Angel Investing – Tides are Changing

However, the tides are changing. In a report issued by the UK Business Angels Association and the Center for Entrepreneurs, women now represent one in seven angel investors in the UK, which is twice as much as it was observed in 2008. Similarly, in the U.S., the number of female investors has increased from 20,000 in 2005 to around 60,000 in 2014.

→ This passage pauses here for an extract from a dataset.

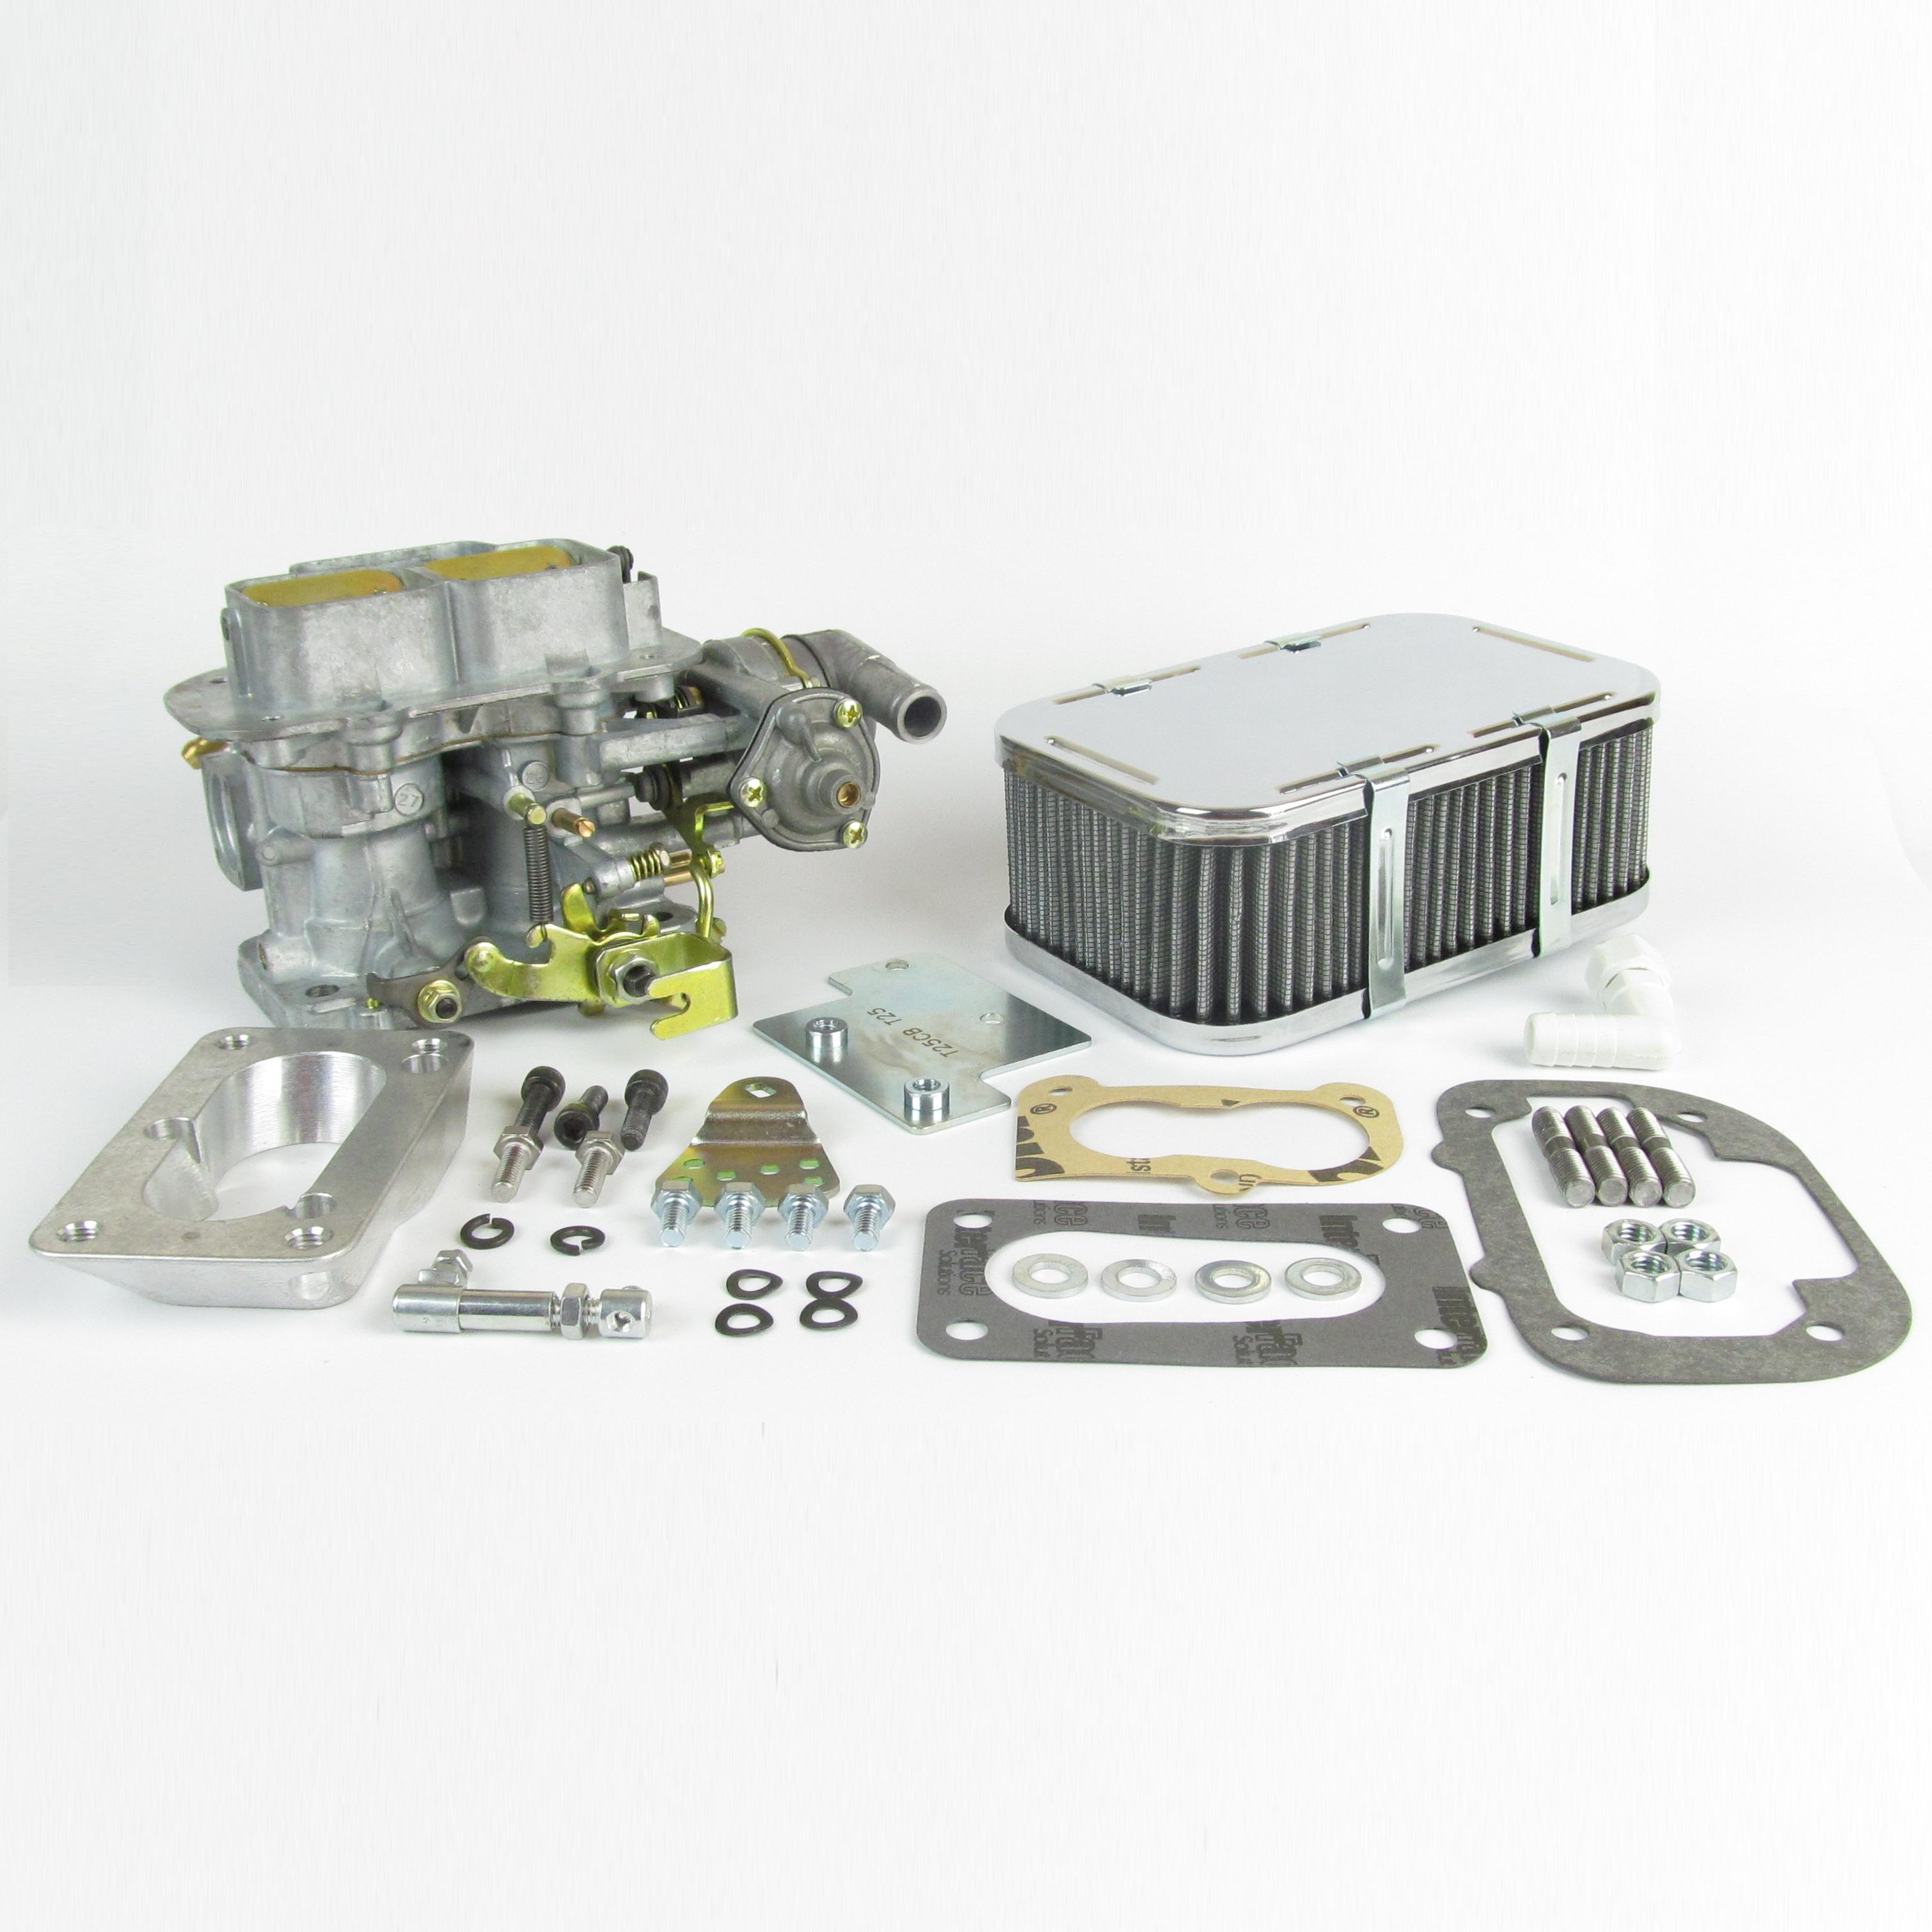 Vwk39 T25 Vw Waterboxer Weber Dgav Carburettor Kit Wbx Eurocarb Wasserboxer Engine Diagram

More opportunities are being created for women and its source is the ever growing awareness among angel investors about the fact that startups with female founders are good investments. Moreover, women are also becoming aware of their potential to be a successful entrepreneur, whereby, they no more have to clean other people’s mess and can instead focus on materializing their own goals. Jeffery E. Sohl, director of the Center for Venture Research, said that while a percentage is still low, a large number of women-led organizations are getting angel funds. He is hopeful that this trend will continue to grow, as more women are getting degrees in engineering, technology, and science.

A senior fellow at the Kauffman Foundation and Founder of Next Wave Ventures, Alicia Robb, gave credit to the women entrepreneur role models who are paving a way for other women and showing how they overcame the obstacles despite the challenges. In 2015, 29 percent of the entrepreneurs, who sought funding, were women and 24 percent of the angel backed companies had female founders. According to a report by the BMO Wealth Institute, 51 percent of the personal wealth, U$S 14 trillion, in the United States are currently controlled by women and the amount is expected to rise up to $22 trillion by 2020.

Although, angel investing has always been dominated by male investors, the media has begun to play its part. For example, TV shows, such as Shark Tank, are familiarizing women with angel investing. Robb also said that angel groups have put in a lot of effort to reach and engage women. One example is Astia and Golden Seeds. They are focused on connecting investors to invest in startups with female founders. During the last five years, different organizations, including Pipeline Angels, 37 Angels and Female Funders have also joined them, and it has expanded from 21 cities in 2015 to 33 cities in 2016.